Objective 1. Determination of the phenotypic effects of resistance mutations:
Task 1.1. Biosynthetic capacity and expression profile.
Biosynthesis tested via two parallel methods: fluorescence intensity of a constitutively expressed reporter, and using an inducible reporter. We observed that biosynthetic capacity does not correlate well with the fitness cost of resistance mutations.
Task 1.2. Genome instability.
We measured genome instability using a fluorescent reporter that activates upon the generation of DNA breaks. We observed a significant overlap between the epistatic effects of double resistance with respect to their fitness cost and the SOS induction, suggesting a causal relationship. Importantly, we found a strong correlation between the genome instability and the cost of resistance.
Task 1.3. Proteostasis imbalance.
Not completed. The limitations imposed by the Covid-19 crisis during half of the time of the fellowship, together with the extraordinary results obtained in Task 1.2 caused us to focus on the most relevant phenotype (genome instability), and therefore withdraw the experiments associated to this task from our plans.
Task 1.4. The effects of antibiotics on the above phenotypes in wild-type bacteria.
We analyzed the effects of rifampicin and streptomycin on two phenotypes (genome instability and fitness), obtaining two interesting conclusions: first, that antibiotics can indeed cause genome instability, and second, that the fitness cost of mutants affected in transcription can be increased by using sub-MIC concentrations of an antibiotic targeting translation, and vice-versa.
Objective 2. Study of the phenotypes in tasks 1.1-1.3 in evolved strains carrying compensatory mutations.
Task 2.1. Experimental evolution, sequencing and determination of compensatory mutations.
We evolved several resistant genotypes, analyzed the pace at which compensation occurs and identified compensatory mutations for all of them. As previously observed, in double mutants we found compensatory mutations compensating specific for the epistasis.

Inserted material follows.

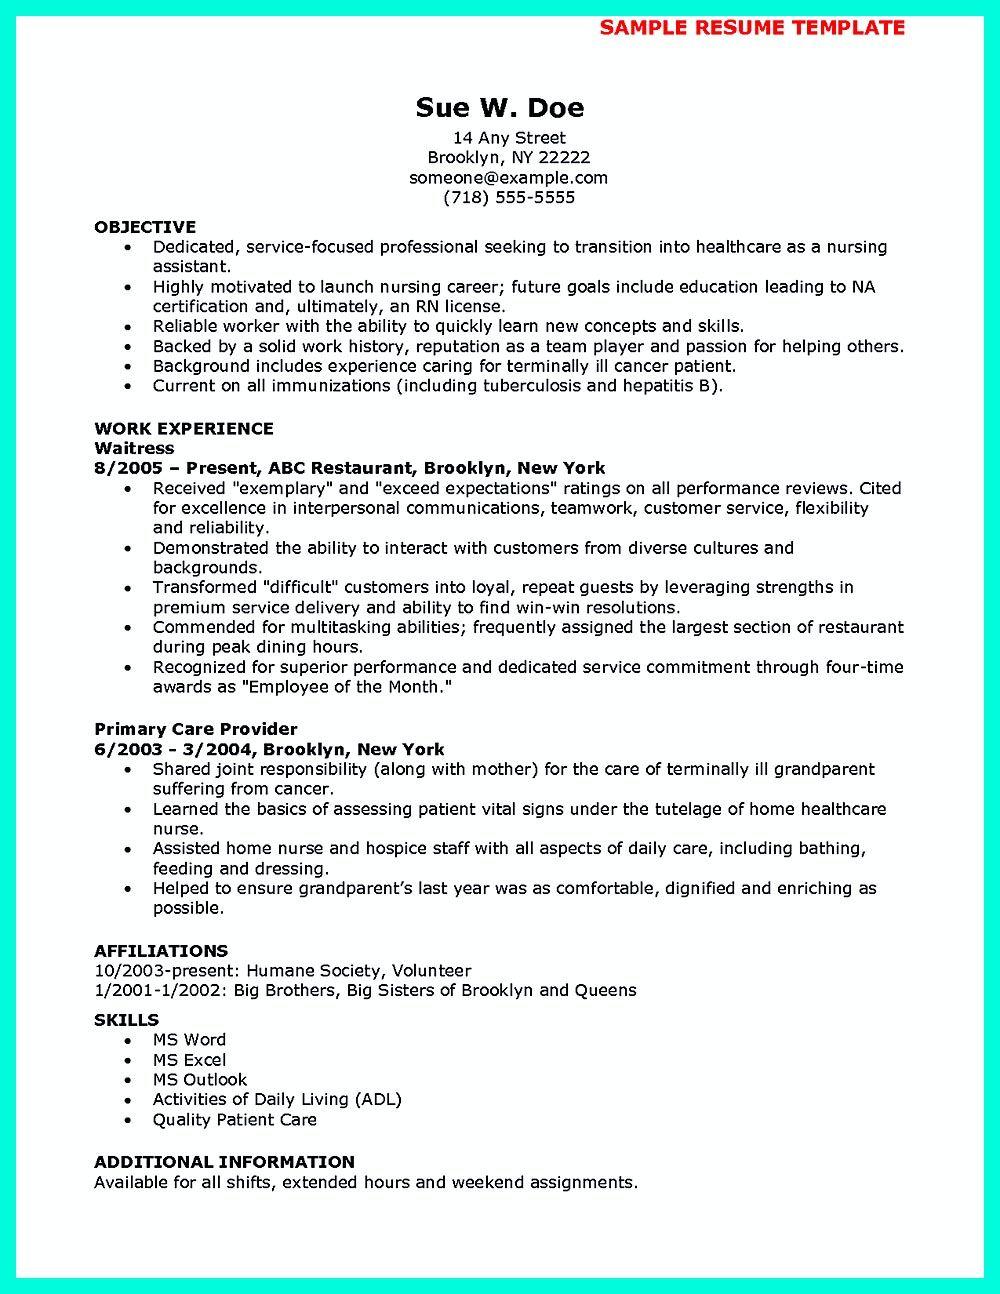 Pin On Resume Sample Template And Format Nursing Resume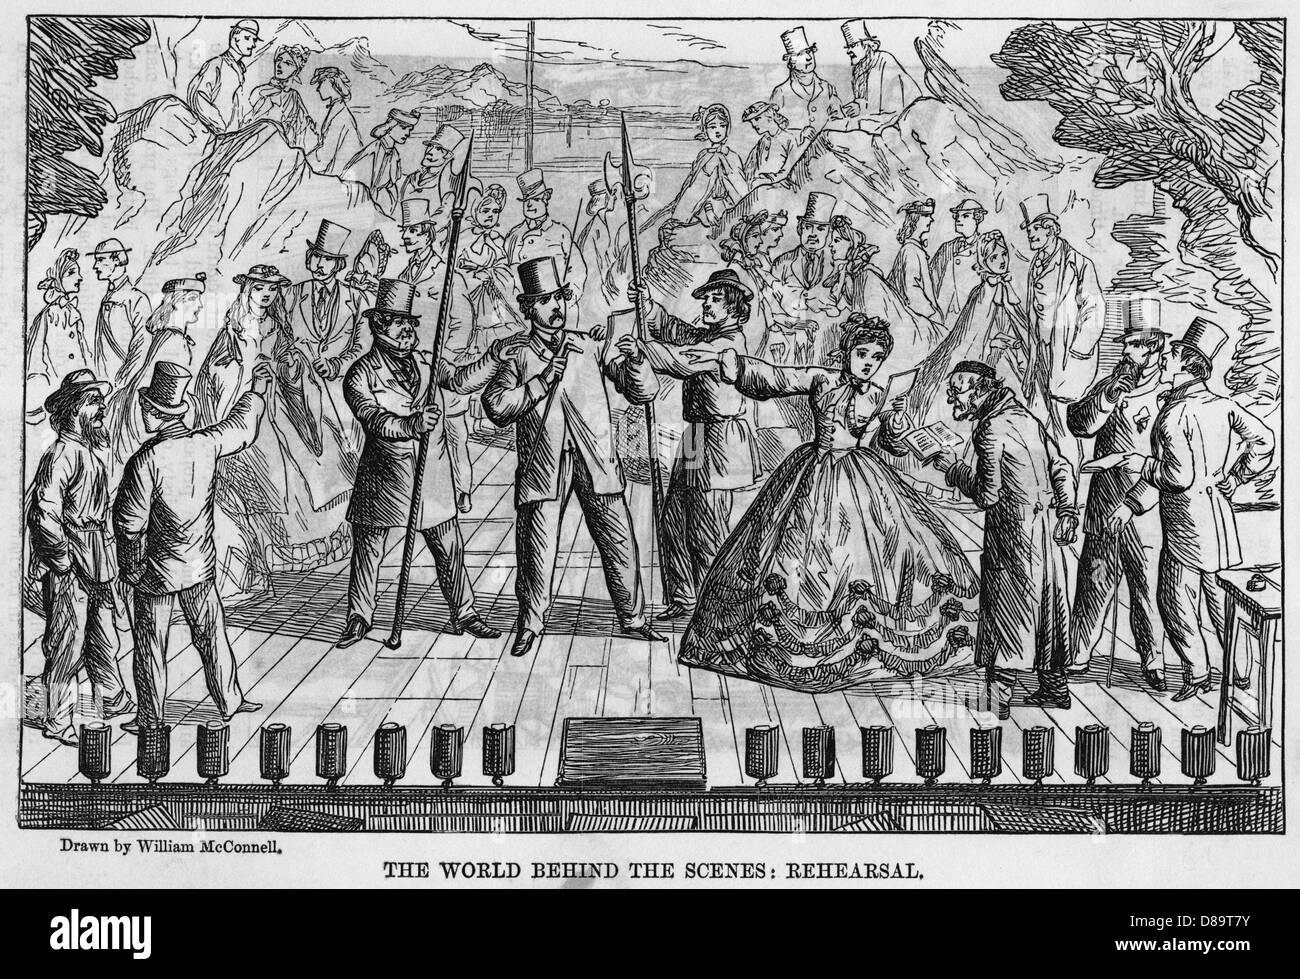 Rehearsing In 1863 - Stock Image

Task 2.2. Study of the phenotypes in tasks 1.1-1.3 in the evolved lines.
As explained above, task 1.3 was withdrawn from our plans. We did perform experimental evolution, and measured fitness cost and genome instability in the ancestral and evolved clones (see section 1.2.2.1). We concluded that the mechanisms causing genome instability are being repeatedly targeted by compensatory evolution.
Objective 3. Integration of the results obtained into general hypotheses to explain the cause/s of the epistases. Test of the elaborated hypotheses.
We concluded that coordination between transcription and translation, and its ultimate consequences (DNA breaks) are key factor both for the fitness cost of resistance mutations and for the epistasis between these mutations.